▸ **Task goal**
Starting at the line that contains "2일(현지시간) 미국 워싱턴", transcribe every remaining line of the data below exactly, and omit all pictures.

------ Collected material ------

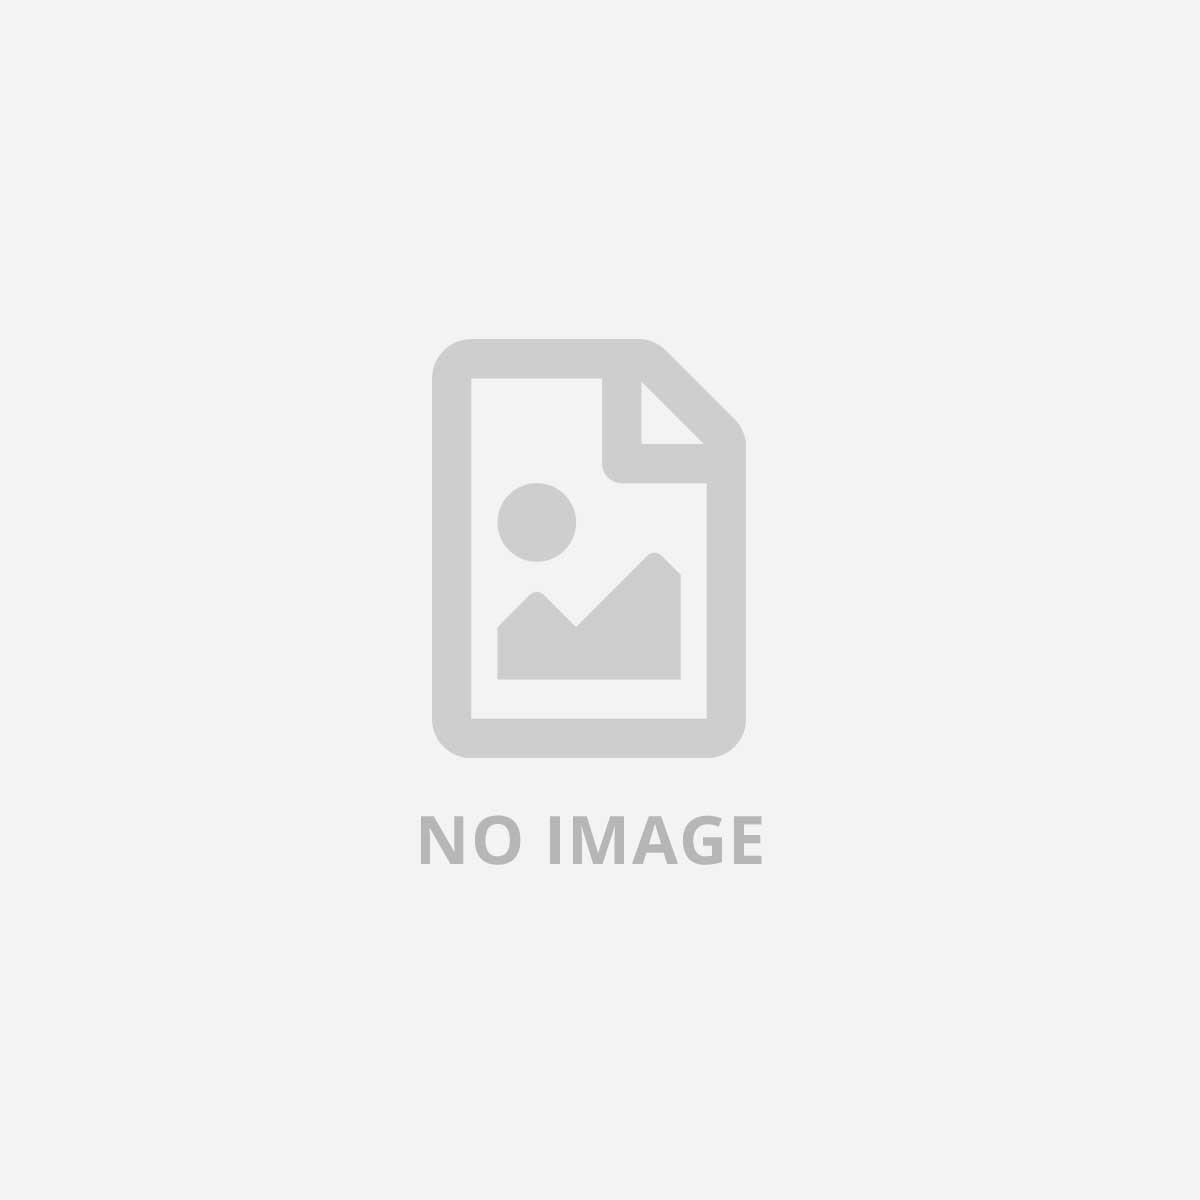 HAMLET ZELIGPAD 7 HD IPS 3GB 4CORE AND 5.1
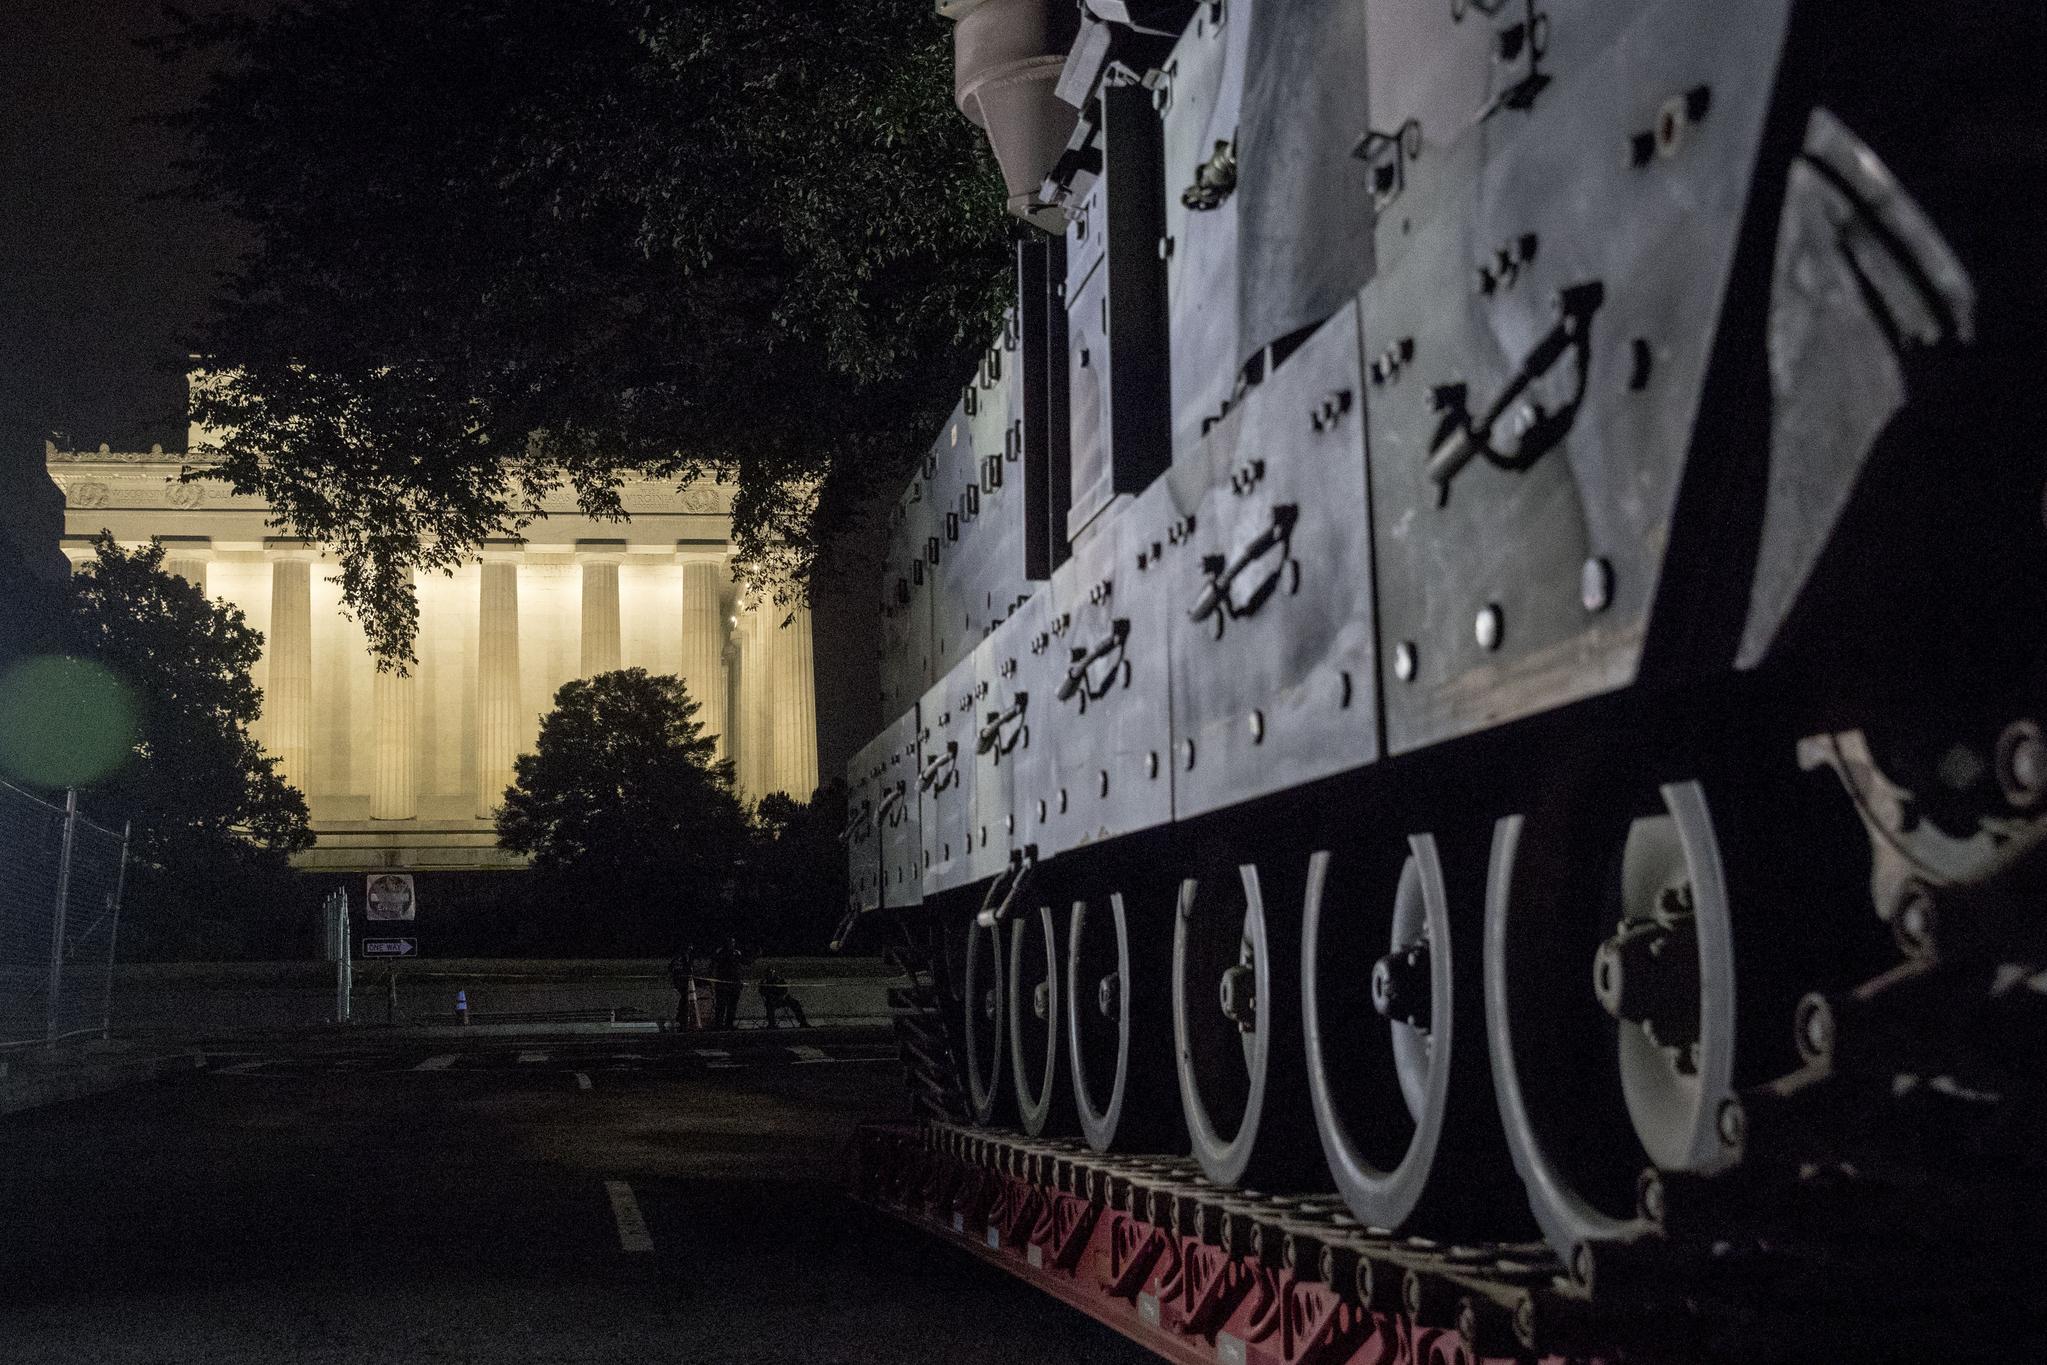 2일(현지시간) 미국 워싱턴 백악관 앞 링컨 기념관 인근에 M2 브래들리 장갑차가 배치되어 있다. [AP=연합뉴스]
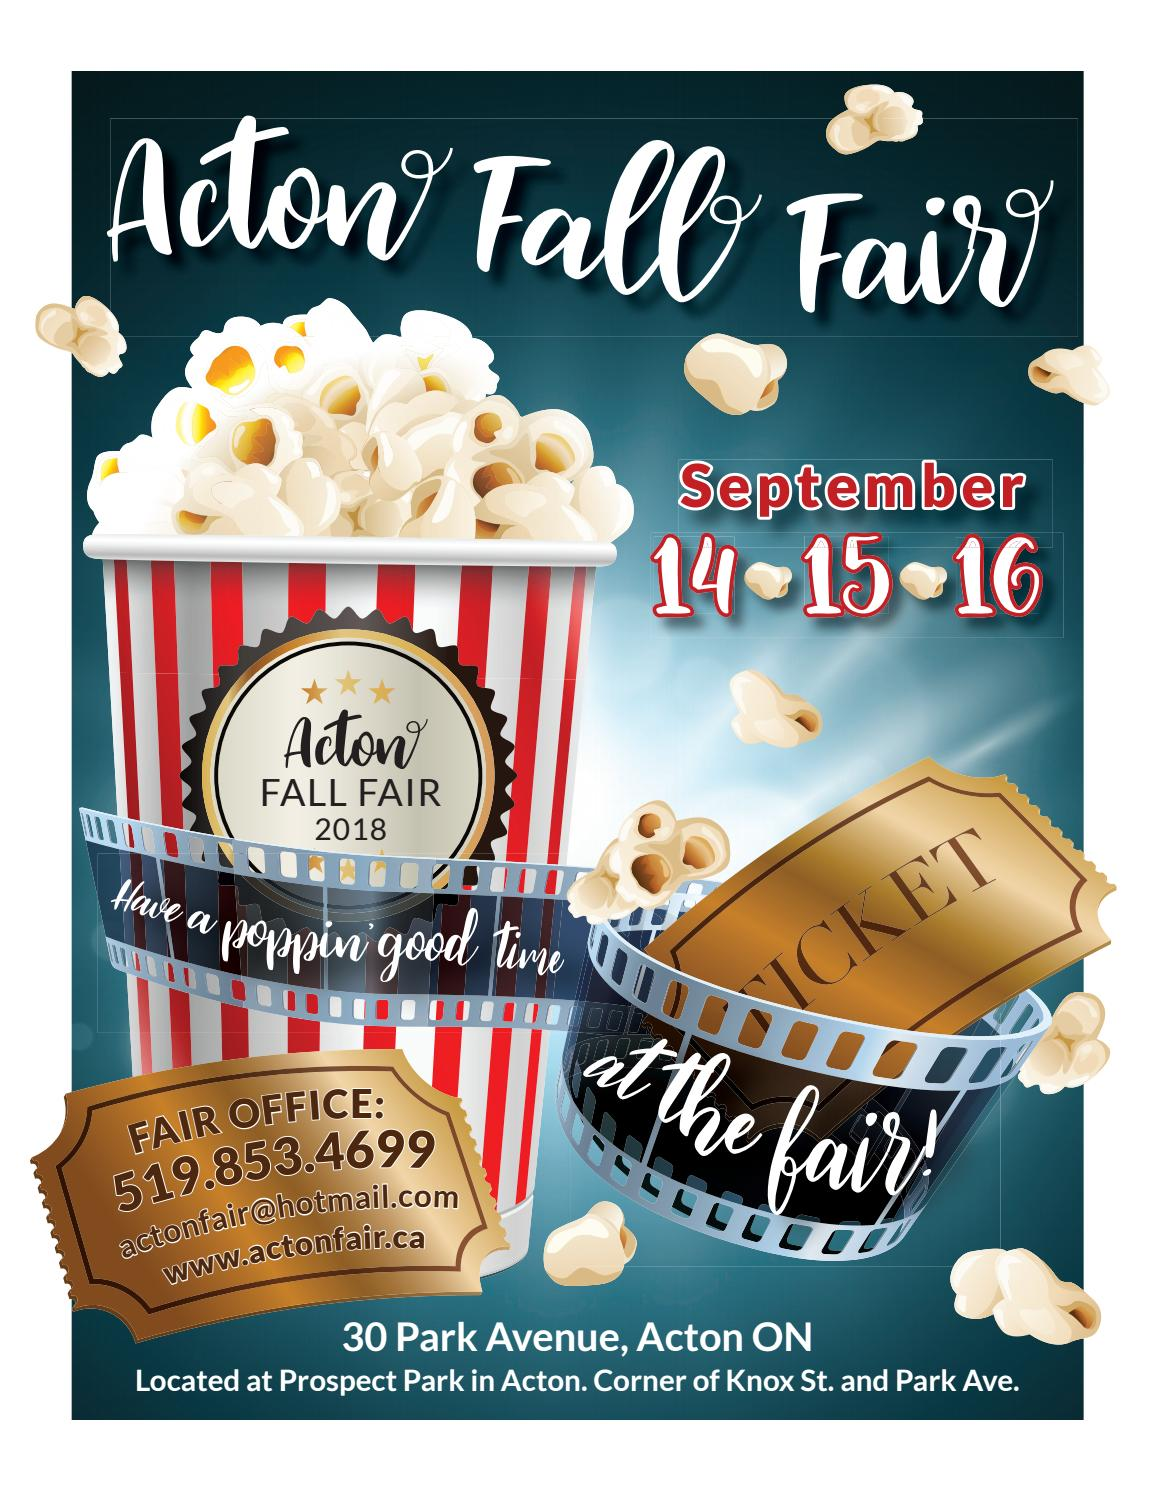 Acton Fall Fair 2018 by WHA Publications Ltd  - issuu

------

▸ **Result of the exercise**
 2일(현지시간) 미국 워싱턴 백악관 앞 링컨 기념관 인근에 M2 브래들리 장갑차가 배치되어 있다. [AP=연합뉴스]
 Acton Fall Fair 2018 by WHA Publications Ltd  - issuu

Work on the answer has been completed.